We can only speculate as to why the authors in [4] have chosen the wrong space group $P\overline{1}$ despite the enantiopure synthesis. The most probable reason is the use of automatic software packages for X-ray crystal structure determination. They are available as components of automated diffractometers or as stand-alone programs, and their purpose is to simplify routine tasks, also for the non-specialist. Traditionally, the first step of the structure analysis is the determination of the space group. This is based on systematic absences. In the case of ambiguities and in the triclinic crystal system without systematic absences, statistical methods for the intensity distributions can be applied. Both the $|E^2-1|$ and the $N\left(Z\right)$ statistics strongly indicate a centrosymmetric space group (Figures S11 and S12 in the Supplementary Materials). Consequently, space group routines in PLATON [8] or in the XPREP software [30] will give the highest probability to space group $P\overline{1}$. (Both programs only give a proposal for the space group, and the user needs to decide. The XPREP software has the possibility to restrict the search to Sohncke space groups.) A more modern approach is to solve the phase problem with dual-space methods in space group $P1$ without symmetry information. The space group is then determined from the results. The module Flip in PLATON [8] is an implementation of the charge flipping algorithm [31]. PLATON assigns atoms to the structure solution and then uses ADDSYM to find the space group. The automatic result is $P\overline{1}$. Another implementation of the charge flipping method is in the SUPERFLIP software [32]. Here, the symmetry is derived from the electron density and gives symmetry agreement factors for 1a and 1b, indicating a very good agreement with $P\overline{1}$. (The manual of SUPERFLIP has an explicit warning that it is impossible to determine the correct agreement factor for all situations automatically.) The intrinsic phasing approach in SHELXT [33] solves the phase problem by dual-space iterations.
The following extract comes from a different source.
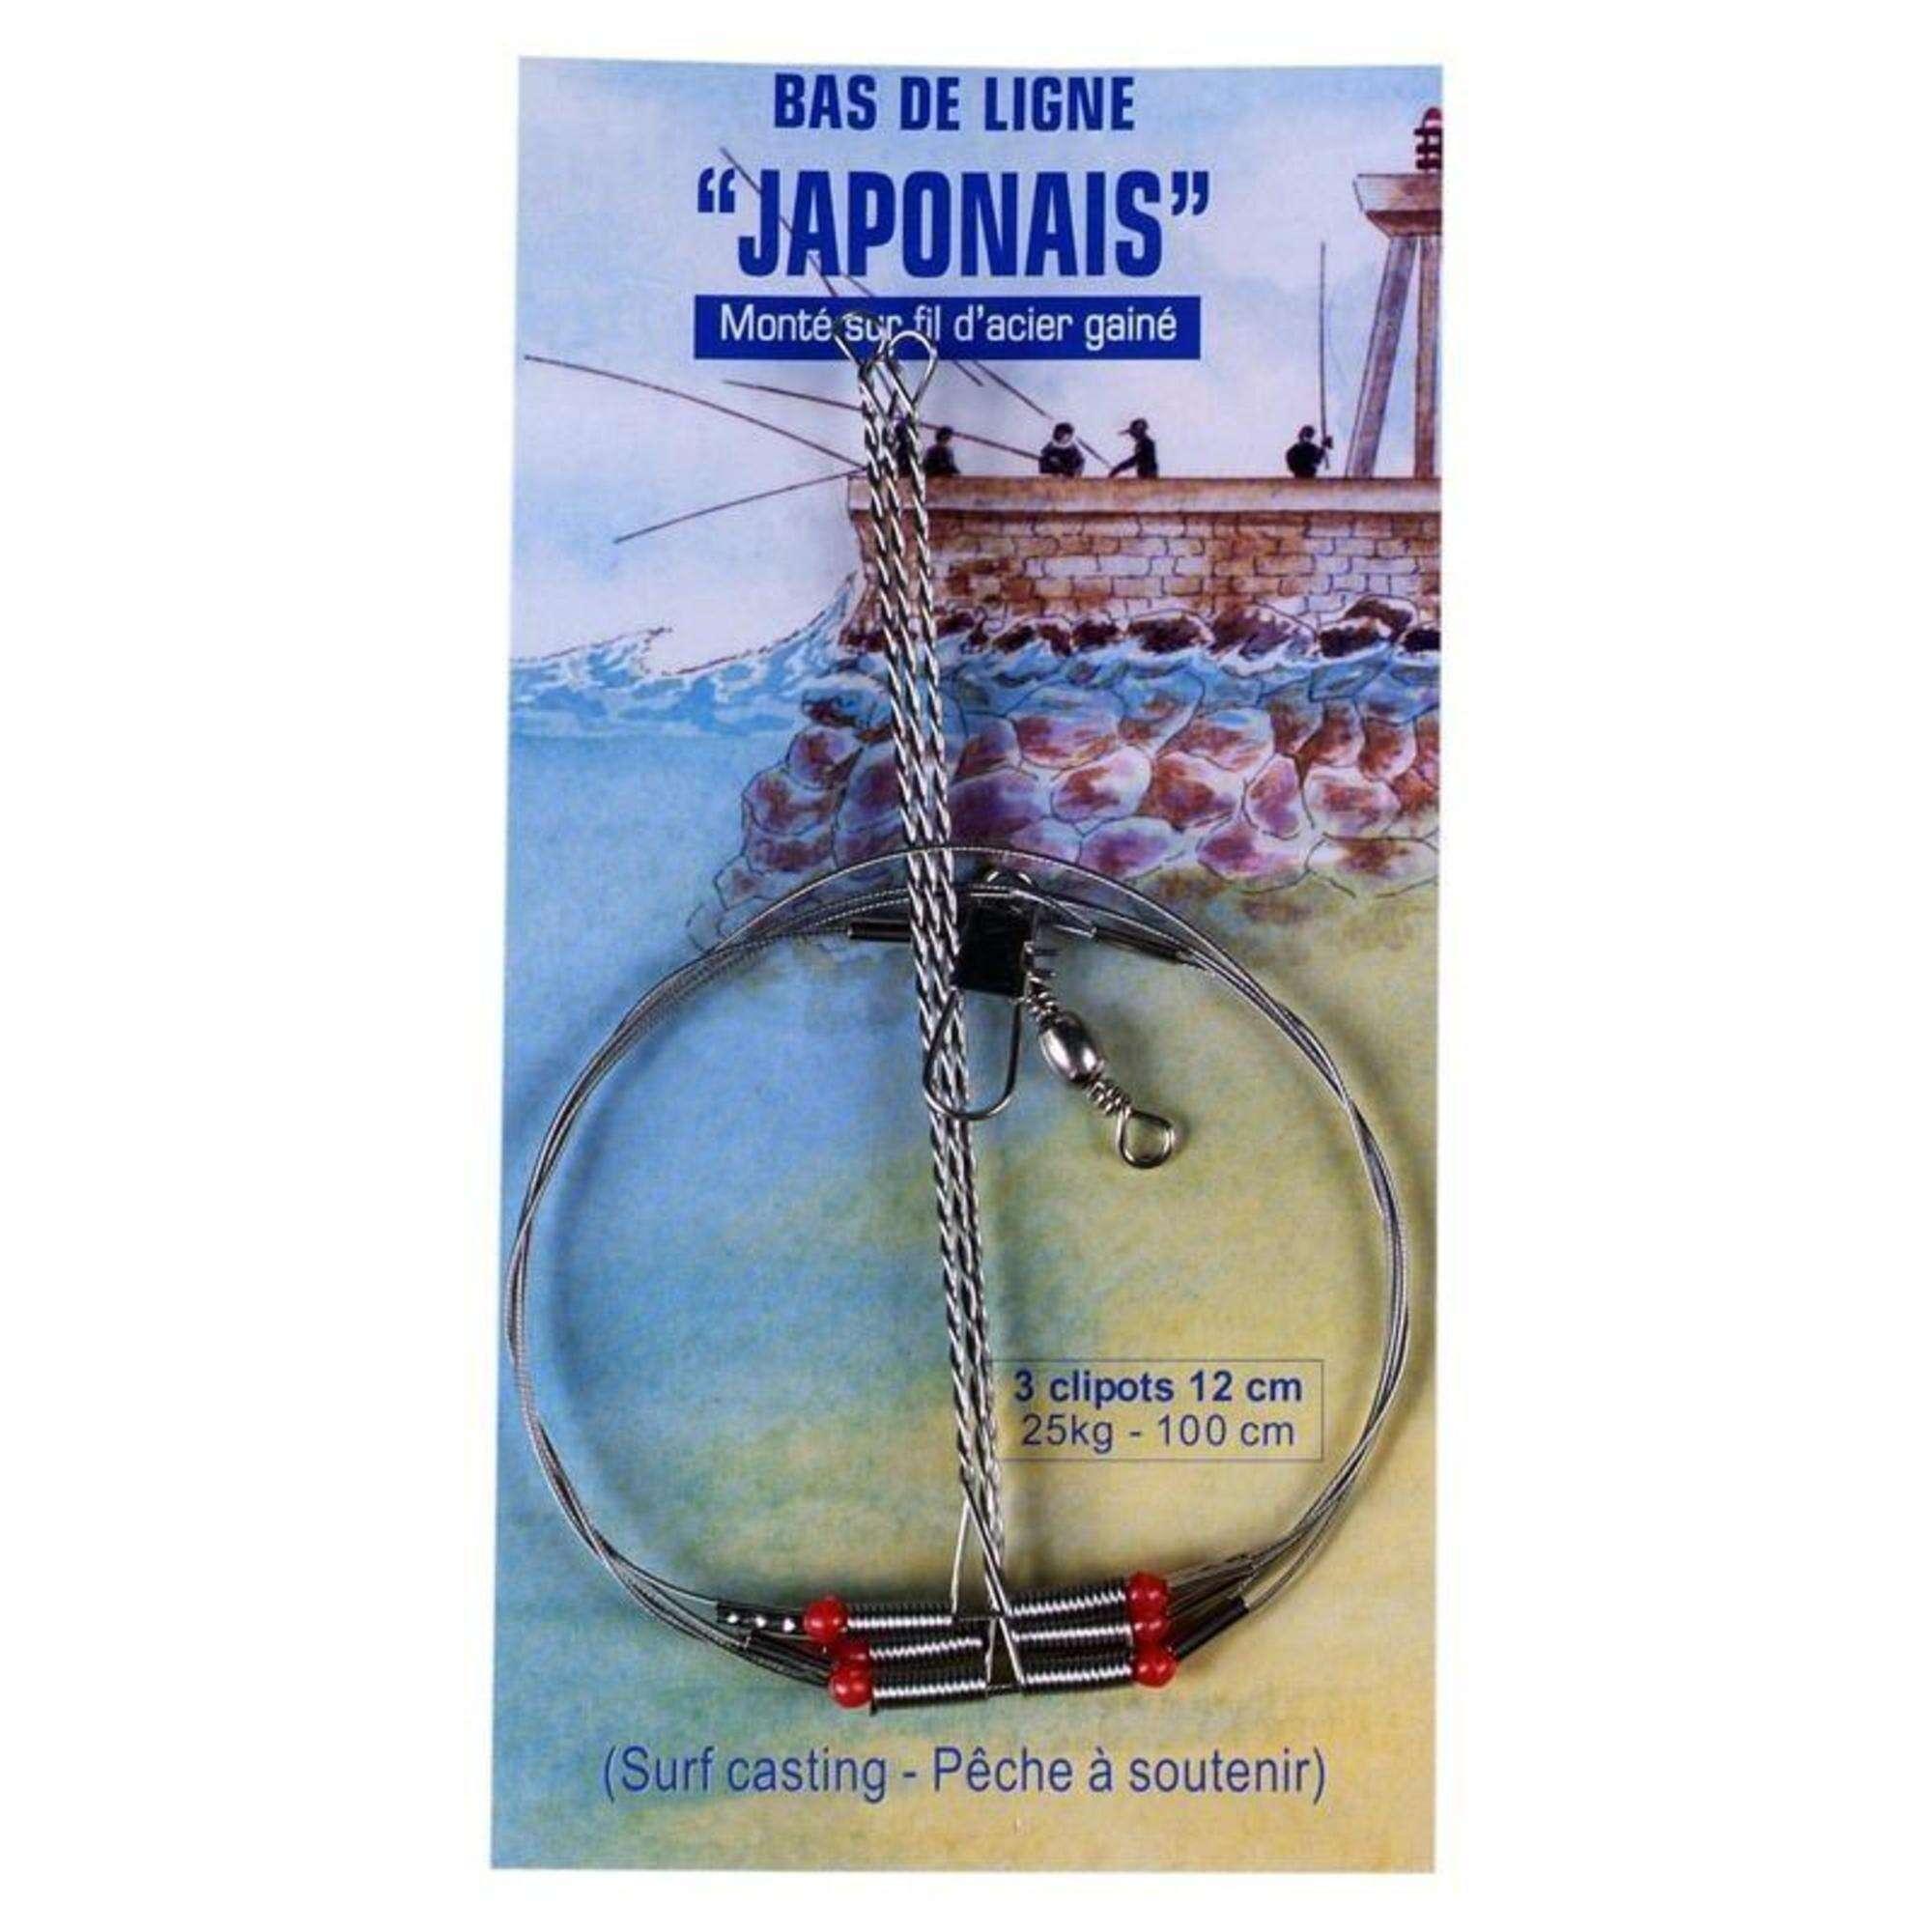 CLIP LINE Rybolov - NÁVAZEC JAPONAIS 12 CM OCEL  FLASHMER - Rybářské vybavení

The space group is then determined from the phase relationships of the structure factors. Table S4 in the Supplementary Materials gives the output of SHELXT with acceptable agreement factors for both space groups $P1$ and $P\overline{1}$. It is then the decision of the user if the quality difference is significant enough to choose the lower symmetry.

4. Conclusions

In this study, the compound $\left[Zn\left(Nal\right){\left(DACH\right)}_2\right]Cl$ has been re-synthesized and the identity with structure AYAT from [4] has been proven. The wrong space group of $P\overline{1}$ for AYAT has been changed to the correct space group $P1$ for 1a and 1b. The latter is a Sohncke space group and thus compatible with the enantiopure starting material. With this correction, the originally severely disordered structure in AYAT becomes well ordered in 1a and 1b. This allows a detailed analysis of intra- and intermolecular geometries of the metal complex. The crystal structures 1a and 1b contain one-dimensional solvent channels for which an appropriate disorder model was found. The current report is a warning to remain critical when automatic crystallographic software is used. Software authors invest a lot of effort, but the final responsibility is with the program users. The training of chemists in this respect is essential [34]. This report is also a reminder to reviewers and journal editors that the space group choice is not a minor side issue but essential for the correct structure description.